Implicit boxing will happen whenever you use a value type - it will
be boxed when put into the ArrayList and unboxed when
referenced.
Since generics came in, this object has become obsolete and
would only be needed in .NET 1.0/1.1 code.
22. List<T>
The List C# data structure was introduced in the .NET Framework 2.0 as part of
the new set of generic collections.
The List<T> class is a generic equivalent type of ArrayList.
It implements the IList<T>generic interface by using an array whose size is
dynamically increased as required.
It keeps its elements in the memory as an array.
It can be extremely efficient data structure when it is necessary to add elements
fast, extract elements and access the elements by index. Still, it is pretty slow in
inserting and removing elements unless these elements are at the last position.
Represents a strongly typed list of objects that can be accessed by index.
Provides methods to search, sort, and manipulate lists.
Elements in this collection can be accessed using an integer index. Indexes in
this collection are zero-based.
23. Operations on List<T>
We already explained that the List<T> class uses an inner array for keeping
the elements and the array doubles its size when it gets overfilled. Such
implementation causes the following good and bad sides:
- The search by index is very fast – we can access with equal speed each
of the elements, regardless of the count of elements.

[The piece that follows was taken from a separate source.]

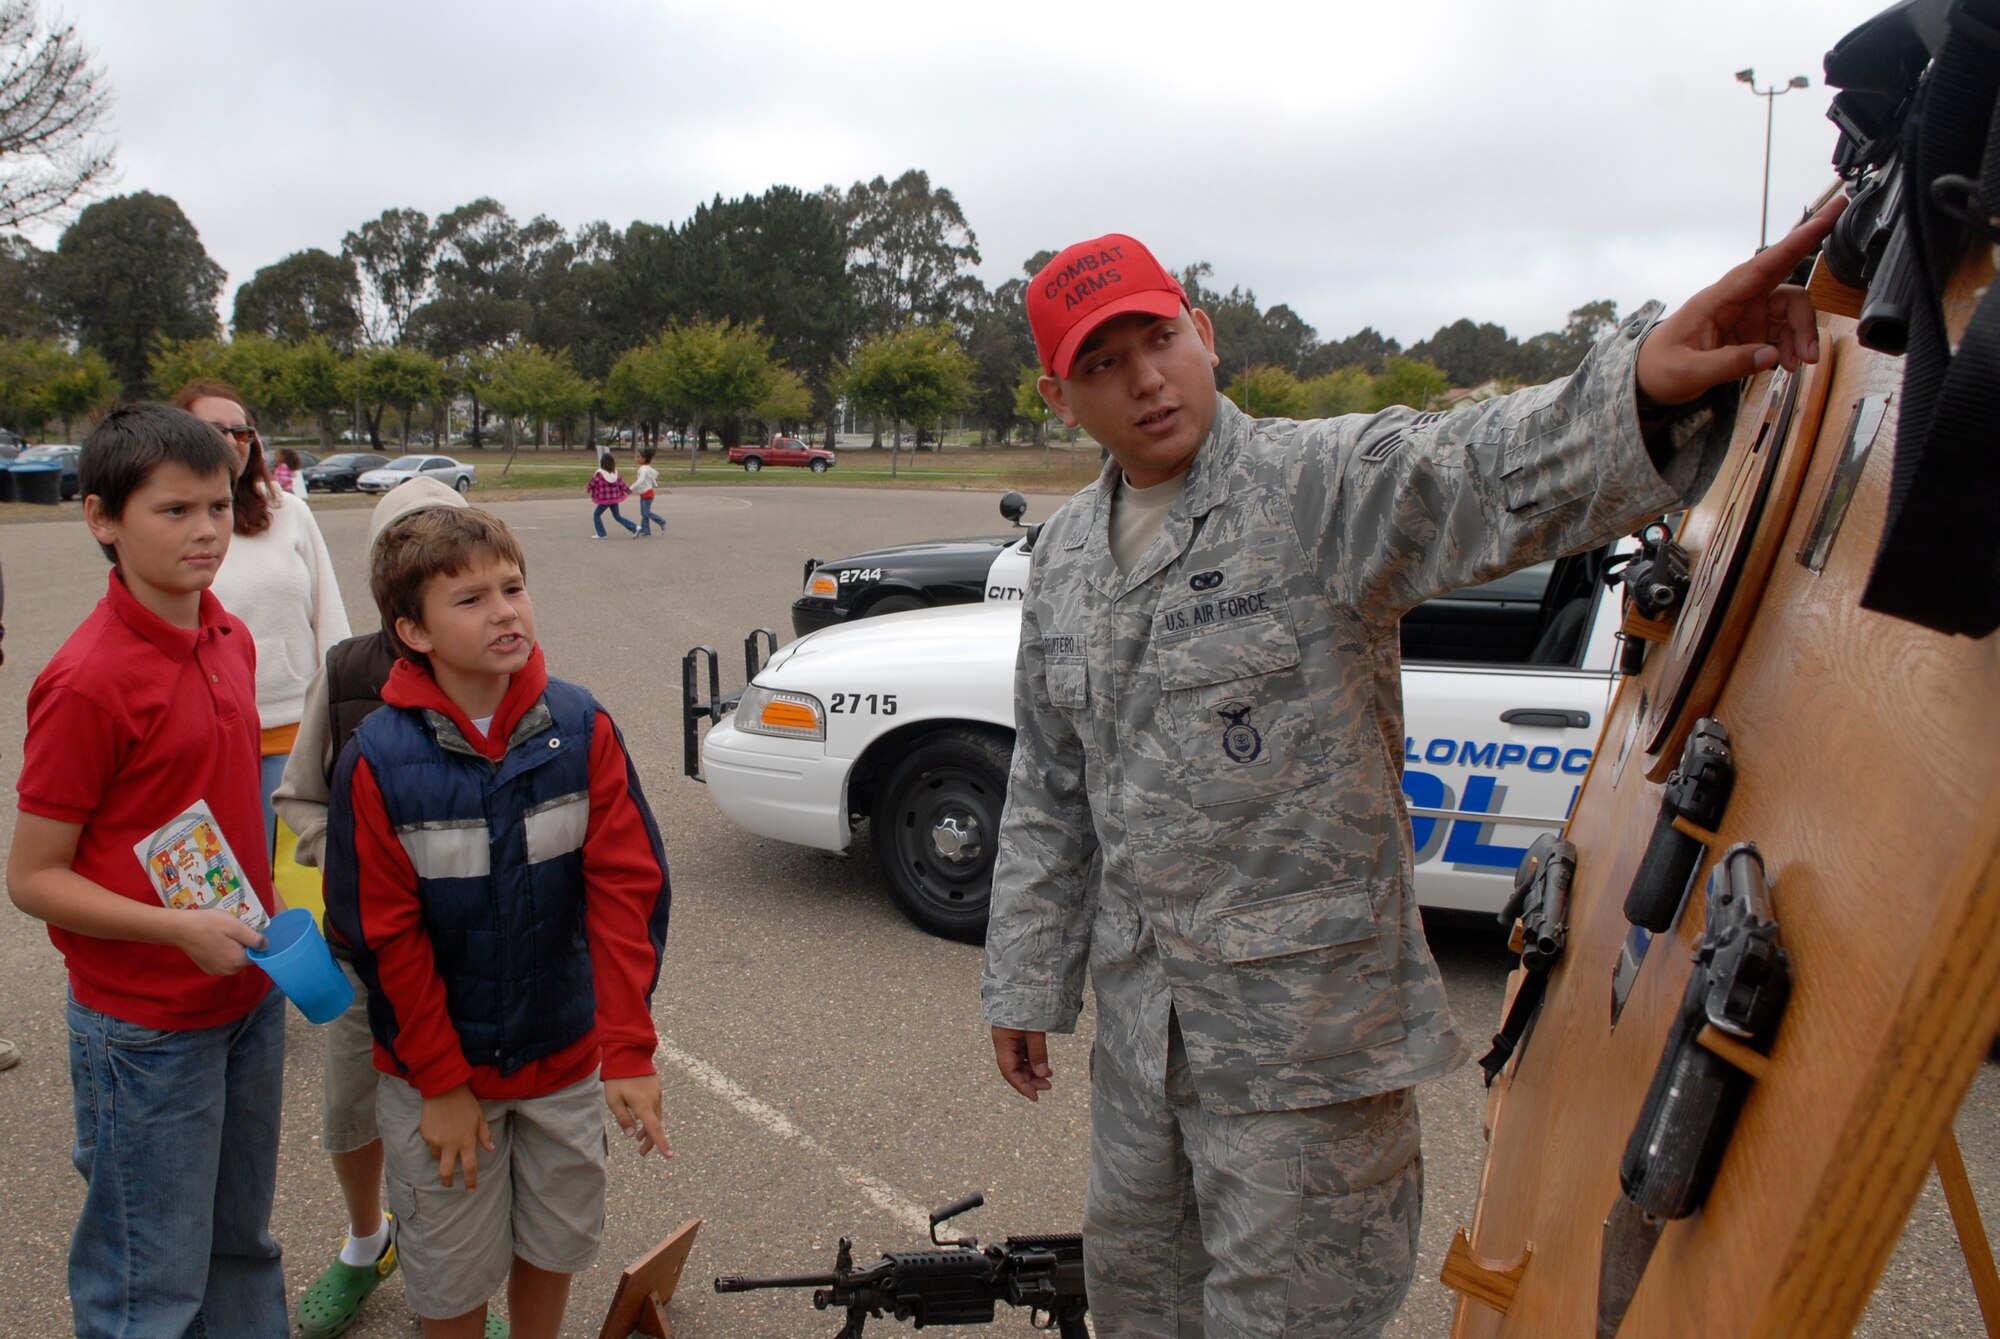 VANDENBERG AIR FORCE BASE, Calif. -- Senior Airman Gino Carruitero, a 30th Security Forces Squadron combat arms training and maintenance instructor, educates military dependents on the M203 machine gun here Friday, Aug. 27, 2010.  The National Night Out Against Crime event was hosted by the 30th SFS. (U.S. Air Force photo/Senior Airman Andrew Satran) 

 
 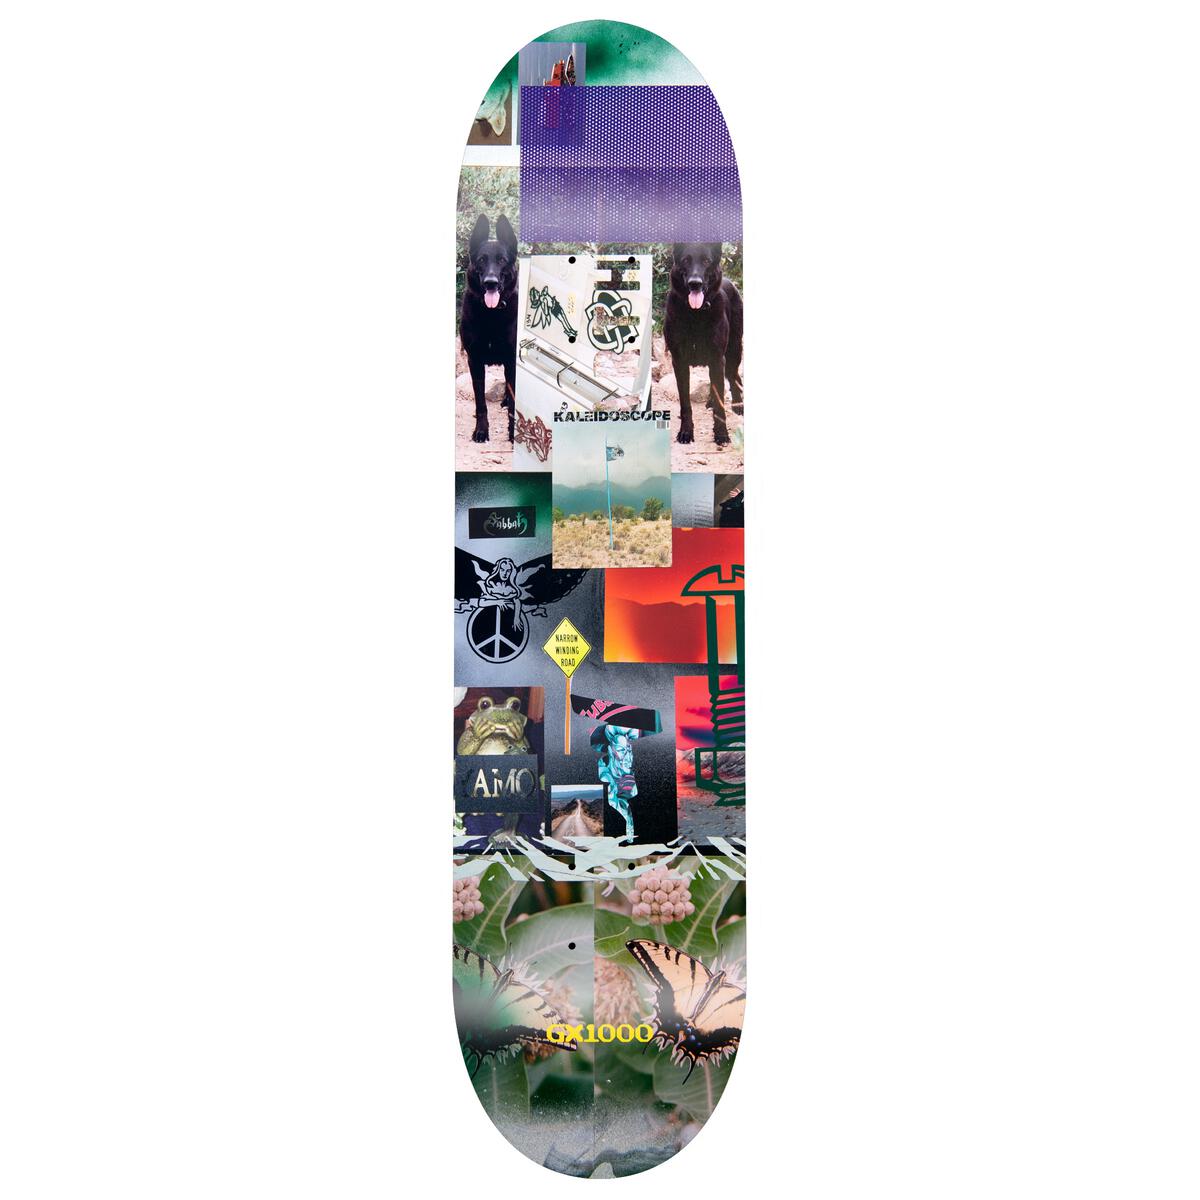 GX 1000 "Route 50 (Narrow Winding Road)" 8.625" Deck

- The search for an element by value works with as many comparisons as
the count of elements (in the worst case), i.e. it is slow.
- Inserting and removing elements is a slow operation – when we add or
remove elements, especially if they are not in the end of the array, we
have to shift the rest of the elements and this is a slow operation.
- When adding a new element, sometimes we have to increase the
capacity of the array, which is a slow operation, but it happens seldom
and the average speed of insertion to List does not depend on the count
of elements, i.e. it works very fast.
24. Analysis of List
Ordering – Guaranteed
Contiguous –Yes
Direct access –Yes via index O(1)
Look up efficiency – O(1)
Best for small list where direct access is required
25. Linked List
A linked-list is a sequence of data structures which are connected together via
links.
Linked List is a sequence of links which contains items.
Each link contains a connection to another link. Linked list the second most used
data structure after array.
Following are important terms to understand the concepts of Linked List.
Link − Each Link of a linked list can store a data called an element.
Next − Each Link of a linked list contain a link to next link called Next.
LinkedList − A LinkedList contains the connection link to the first Link called First.
26. Advantages of LinkedList<T>
The append operation is very fast, because the list always knows its
last element (tail).
Inserting a new element at a random position in the list is very fast
(unlike List<T>) if we have a pointer to this position, e.g. if we insert at
the list start or at the list end.
Searching for elements by index or by value in LinkedList is a slow
operation, as we have to scan all elements consecutively by
beginning from the start of the list.
Removing elements is a slow operation, because it includes
searching.
27. Analysis of LinkesList
Ordering – User has control over precise control over element over
ordering
Contiguous – No
Direct access – No
Look up efficiency – O(n)
Best for lists where inserting/deleting in middle is common and no
direct access required
28. Queue
Queue is an abstract data type, in which the first element is inserted
from one end called REAR(also called tail), and the deletion of
existing element takes place from the other end called
as FRONT(also called head)
This makes queue as FIFO data structure, which means that element
inserted first will also be removed first.
The process to add an element into queue is called Enqueue
The process of removal of an element from queue is
called Dequeue.
The process of reading the element at head node is called Peek.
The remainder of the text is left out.